Terkait program IJD 2027, Friandi mengatakan usulan dari kabupaten dan kota di Sumatera Barat saat ini mencapai sekitar Rp 500 miliar. Usulan tersebut masih dalam proses verifikasi dan finalisasi.
"Administrasinya sudah rapi, kemudian dievaluasi. Balai Jalan Nasional mengusulkan kepada Kementerian PU. Sekarang masih proses verifikasi dan finalisasi, tinggal menunggu anggarannya turun," katanya.
Di sisi lain, Wali Nagari Tanjuang Gadang, Zamhar, menyampaikan rasa terima kasih kepada pemerintah pusat dan Andre Rosiade atas terealisasinya pembangunan jalan tersebut.
"Terima kasih Pak Andre. Terima kasih Pak Presiden Prabowo atas jalannya. Dulu kami makan kabut jalan, sekarang alhamdulillah," ujar Zamhar.
Menurutnya, kondisi jalan yang sebelumnya buruk sangat dirasakan masyarakat dalam menjalankan aktivitas sehari-hari. Kini, masyarakat dapat menikmati akses jalan yang lebih baik dan aman.
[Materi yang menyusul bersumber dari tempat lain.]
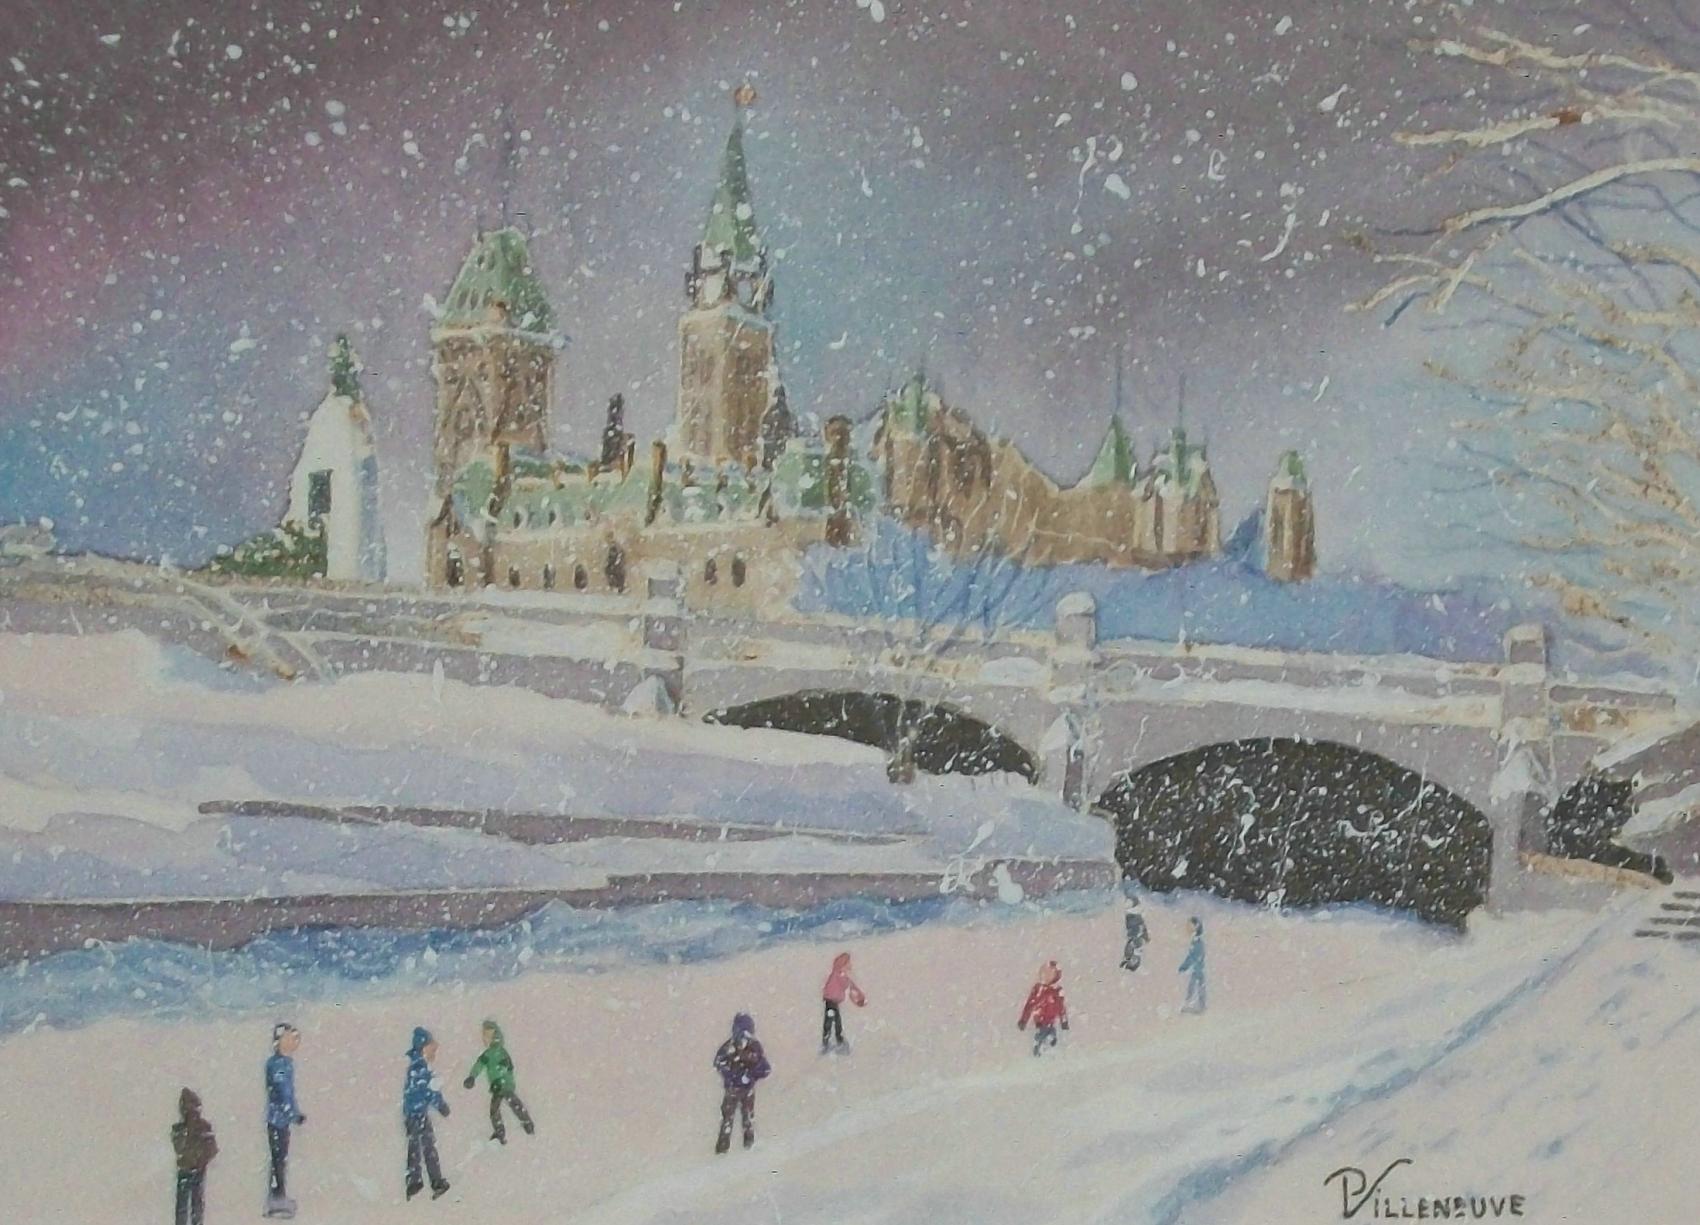 PIERRETTE VILLENEUVE (b.1944 - Aboriginal Metis Huron Wendat) - 'Les Patineurs - Canal Rideau' (The Ice Skaters - Rideau Canal) - Vintage watercolor painting on paper - original metal frame with double matte boards and glass - titled verso - signed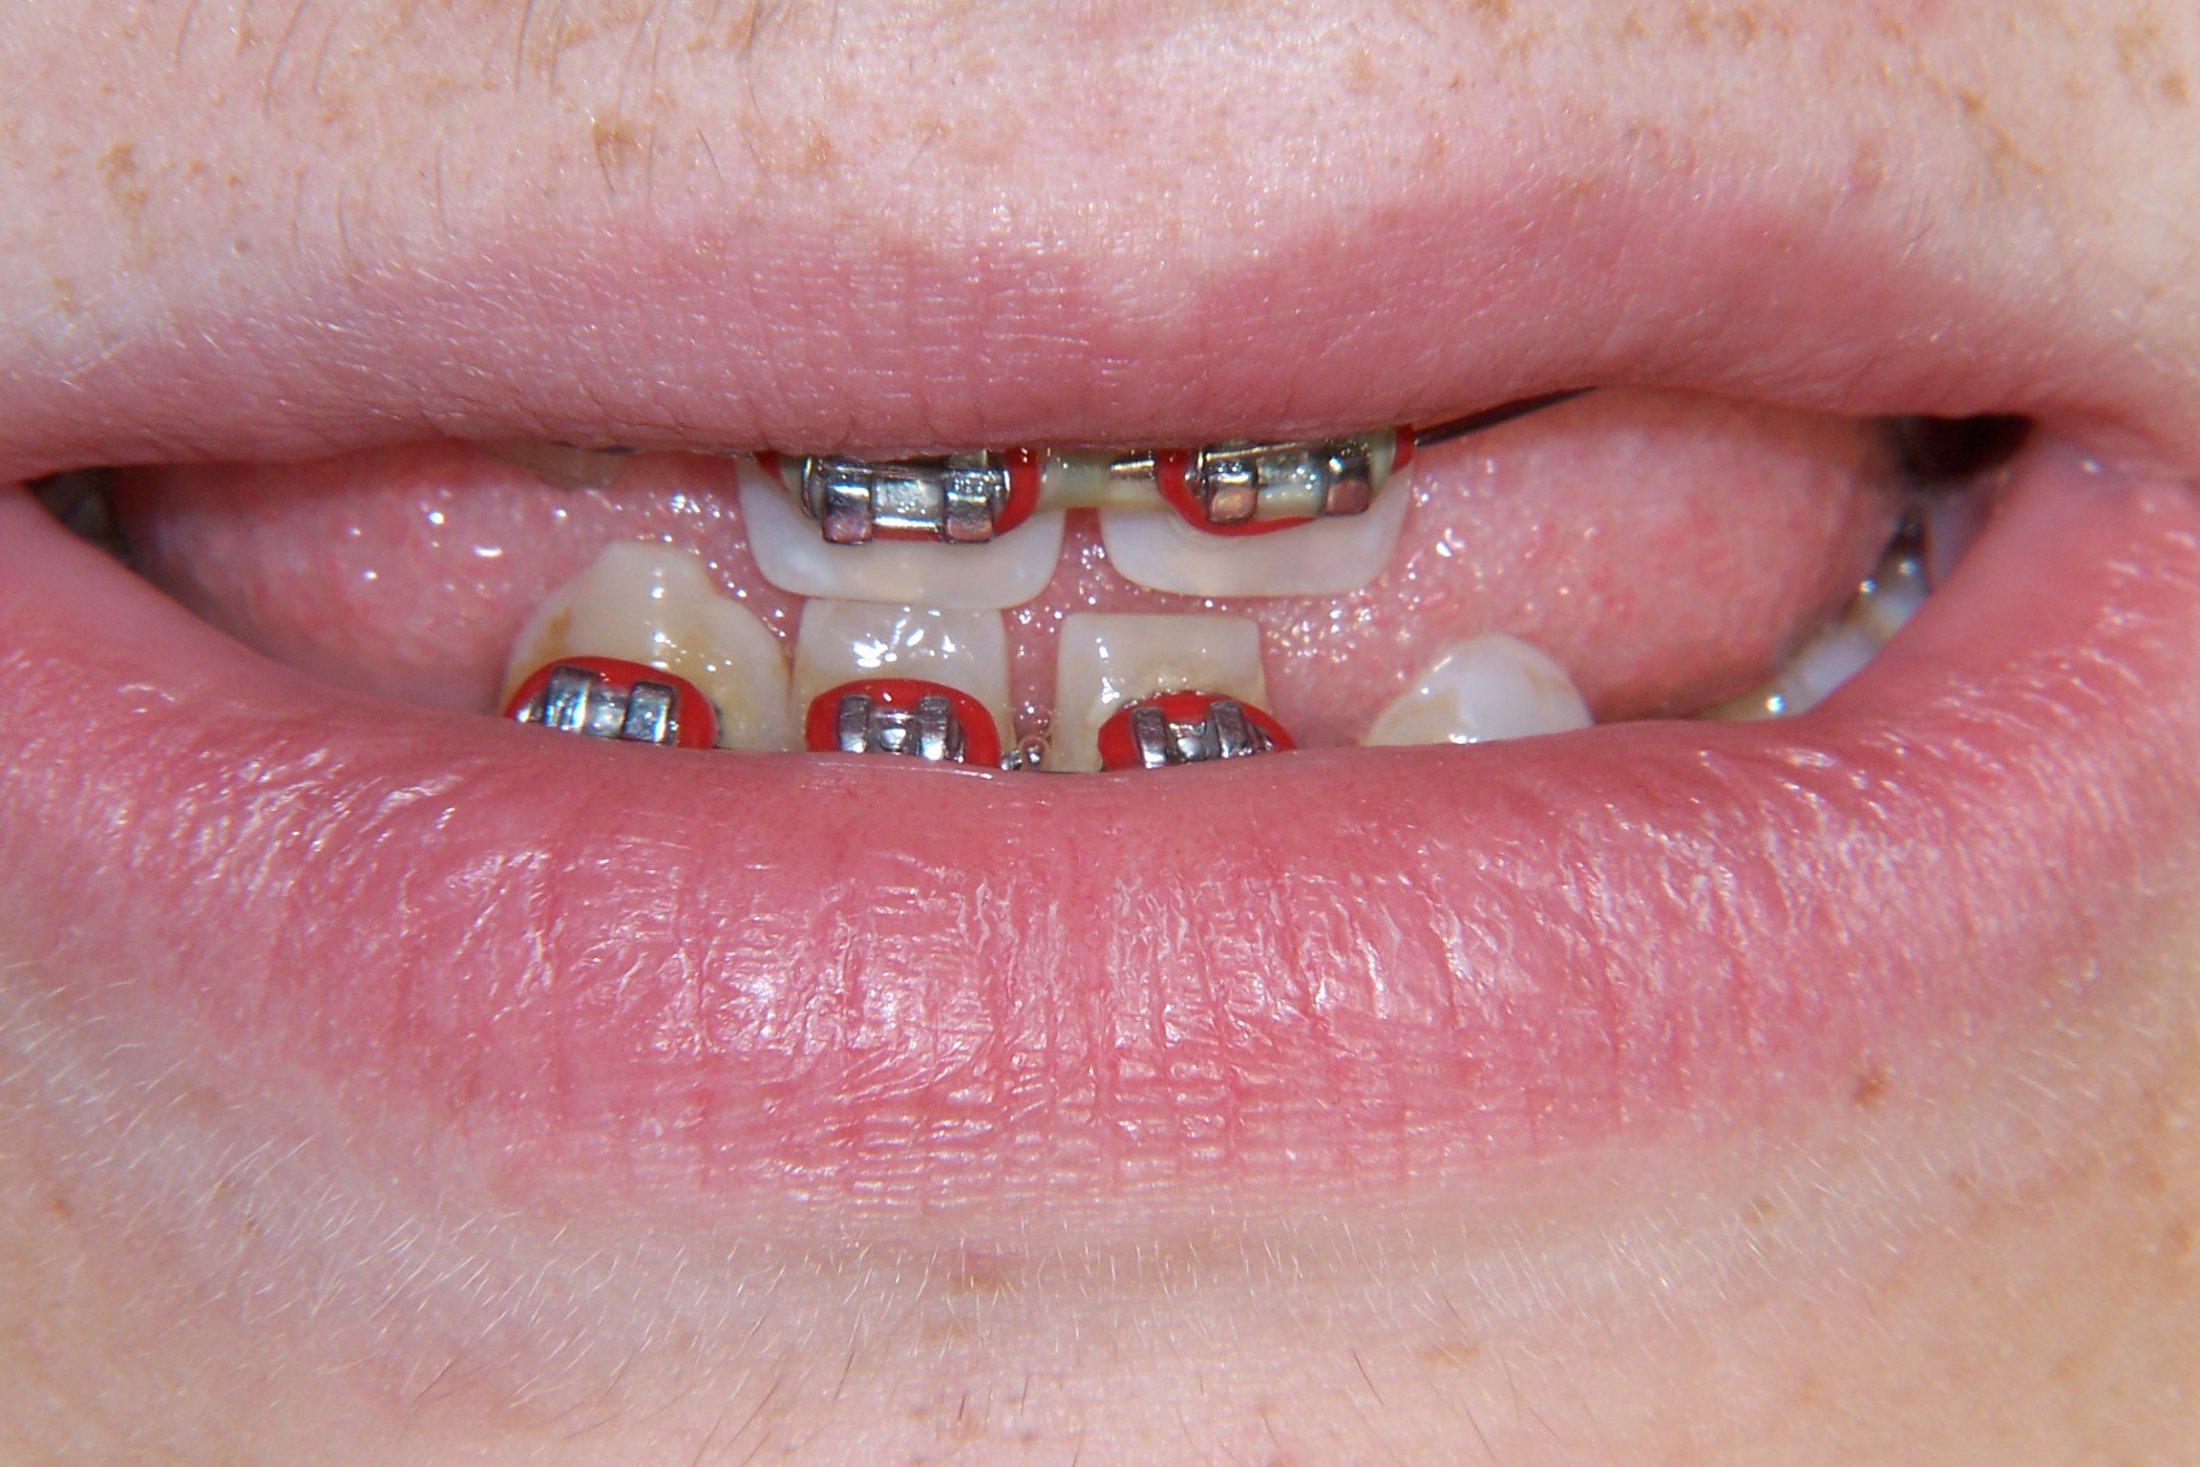 A crooked smile with gaps between teeth shown in the process of having their teeth straightened by braces

Hal senada disampaikan Guru SD 01 Tanjuang Gadang, Mai Roza. Ia mengatakan kerusakan jalan tersebut telah berlangsung hampir 10 tahun dan sebelumnya tidak pernah mendapat perbaikan menyeluruh. "Dikatakan sudah hampir 10 tahun. Tidak ada perbaikan sebelumnya," katanya.
Ia menuturkan, sebelumnya perbaikan yang dilakukan hanya sebatas menambal lubang. Namun, kerusakan kembali muncul setelah hujan atau dilalui kendaraan berat.
"Ada perbaikan, mungkin kalau jalannya berlubang ditampal sedikit. Besok sudah hujan lagi, berlubang lagi," ujar Mai.
Ia berharap pembangunan jalan dengan konstruksi beton tersebut dapat memberikan akses yang lebih aman dan nyaman bagi masyarakat, termasuk para pelajar yang setiap hari menggunakan jalan tersebut.